In any case, the Simplified Method seems similar to the 2009 method so 2009 can be equally (or more) unconservative if the greater accuracy promised by the General Method is real.

I know very little of the theory behind the new method but would have thought 45 degrees (which gives kv=0.09) would be the simplified case as it has decades of track record. Maybe round off to kv=0.10 for simplicity even if this isn't quite consistent with 45 degrees.

## RE: AS3600-2018 Shear Capacity: General Method vs Simplified

I have mentioned it to the person on the committee who did the shear section.

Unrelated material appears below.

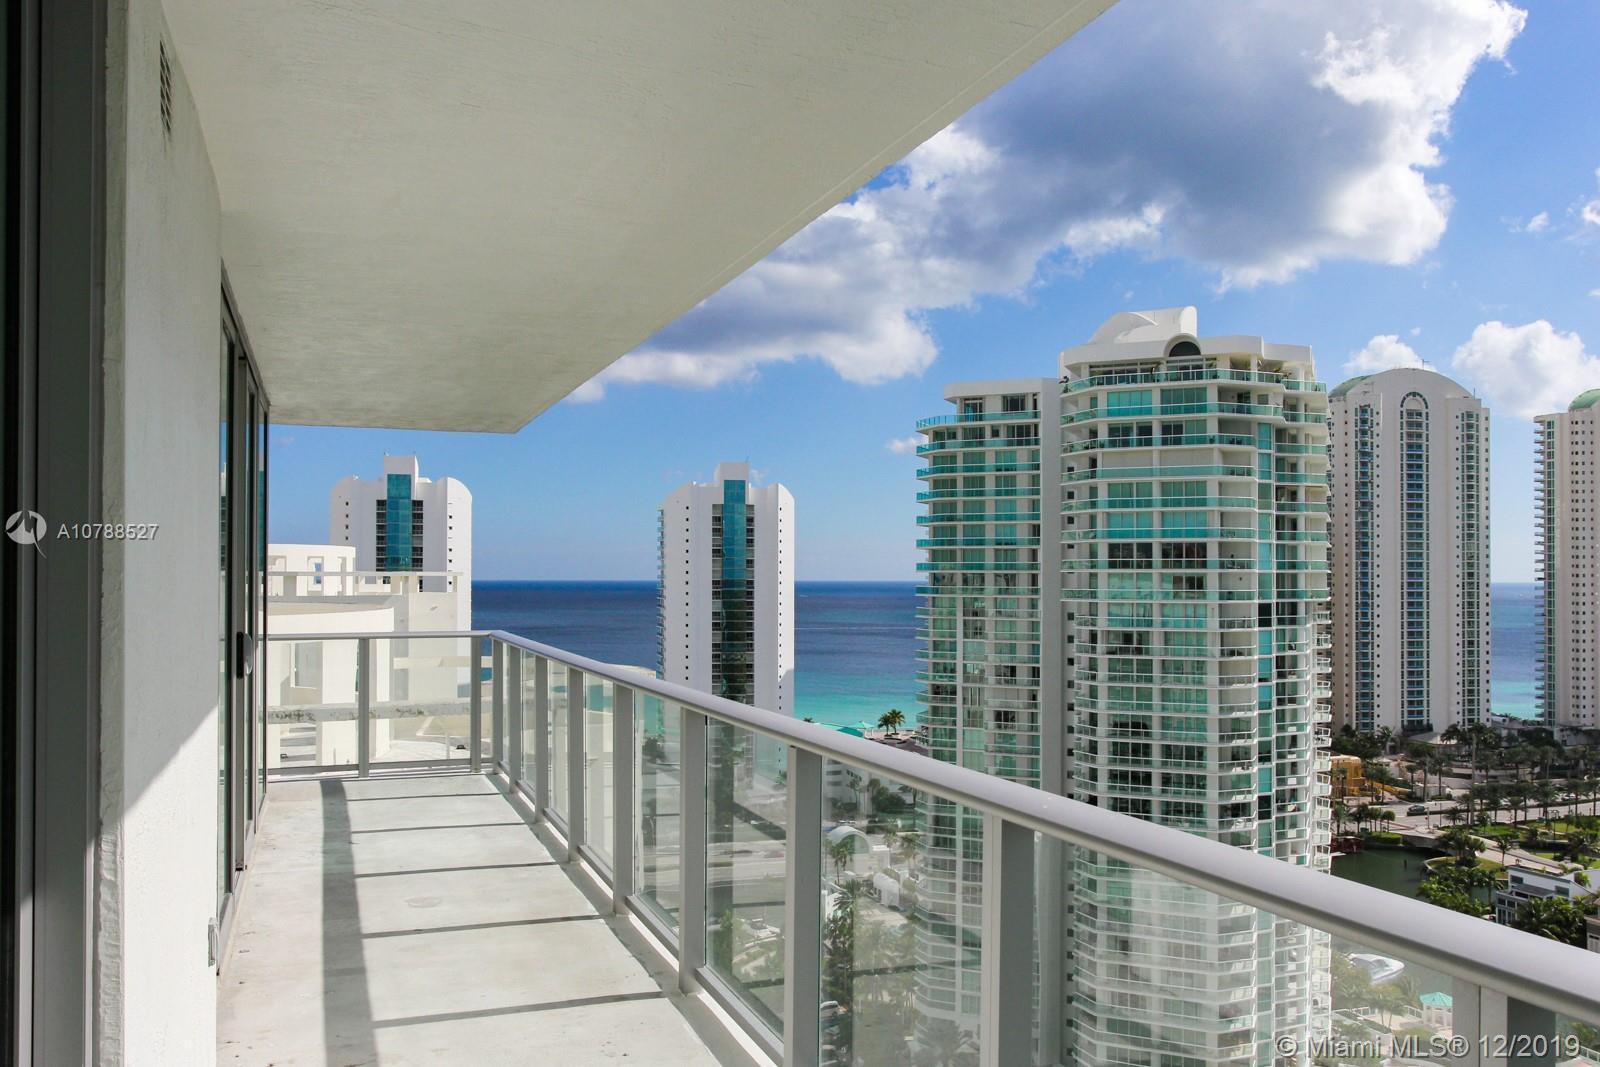 300 Sunny Isles Blvd #2202, Sunny Isles Beach FL 33160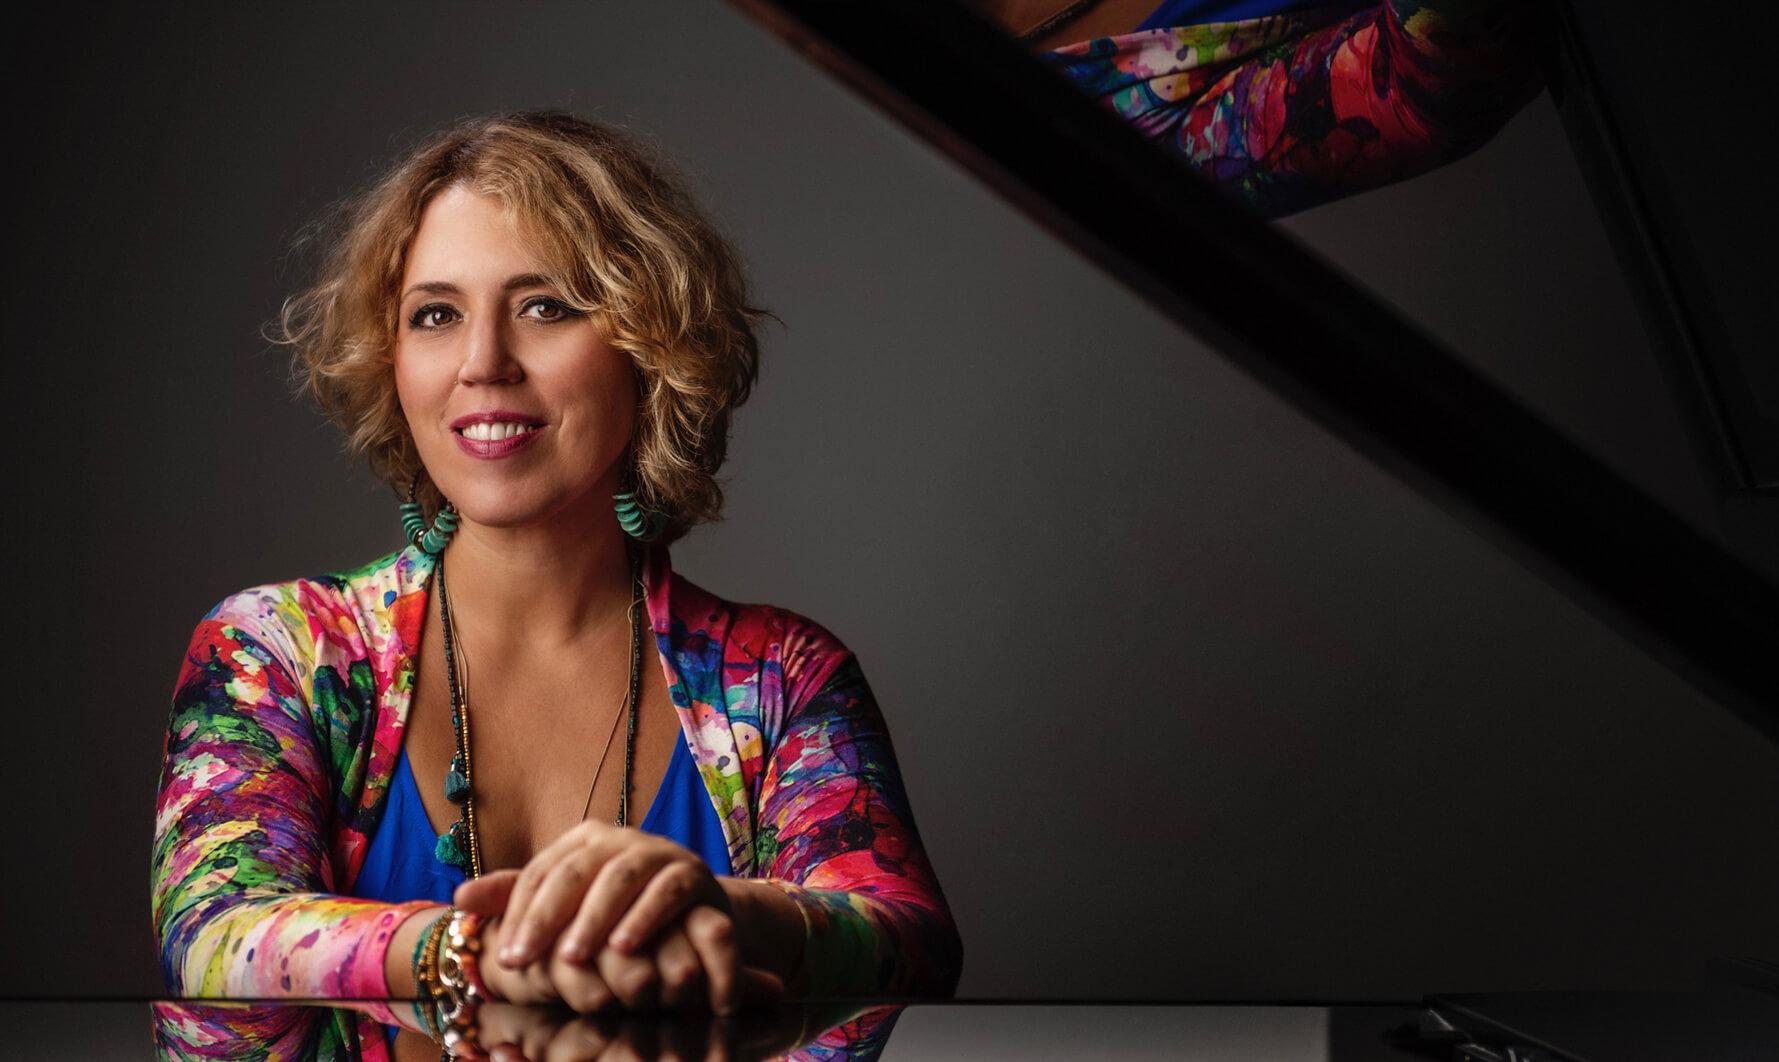 Orquesta Sinfónica Nacional de Colombia – Gabriela Montero, Piano, Venezuela

Can you give us some comparative numbers, to my RAPT email address if possible.

The numbers used in the code are basically the same as CSA23, AASHTO and the 2010 Model code version of the Modified Compression Field Theory developed by Collins and Mitchell. It was assumed in putting it into AS3600 that they would be correct!

BCA will be up[dated later this year. Until then, the referenced code is 2009. previously when this has happened, if the new code has been more conservative in an area (eg development lengths last time), I have added it into RAPT immediately as it was known that the old code methodology was unconservative. If the new code is less conservative, technically you need to keep using the old code.

## RE: AS3600-2018 Shear Capacity: General Method vs Simplified

In CSA the General Method can be very sensitive, particularly in the absence of shear reinforcing. It tries to estimate the crack spacing based on the longitudinal reinforcing which, as worded, I believe can lead to unconservative results. The AS (draft) avoided that.

Rapt, do you know if the committee is consulting with Michael Collins? He still chairs the Canadian shear committee.

Steve, I'd be interested in trying your test case with the Canadian code. Could you share the, hopefully simple, design details or your spreadsheet?

## RE: AS3600-2018 Shear Capacity: General Method vs Simplified

There has been contact and questions asked.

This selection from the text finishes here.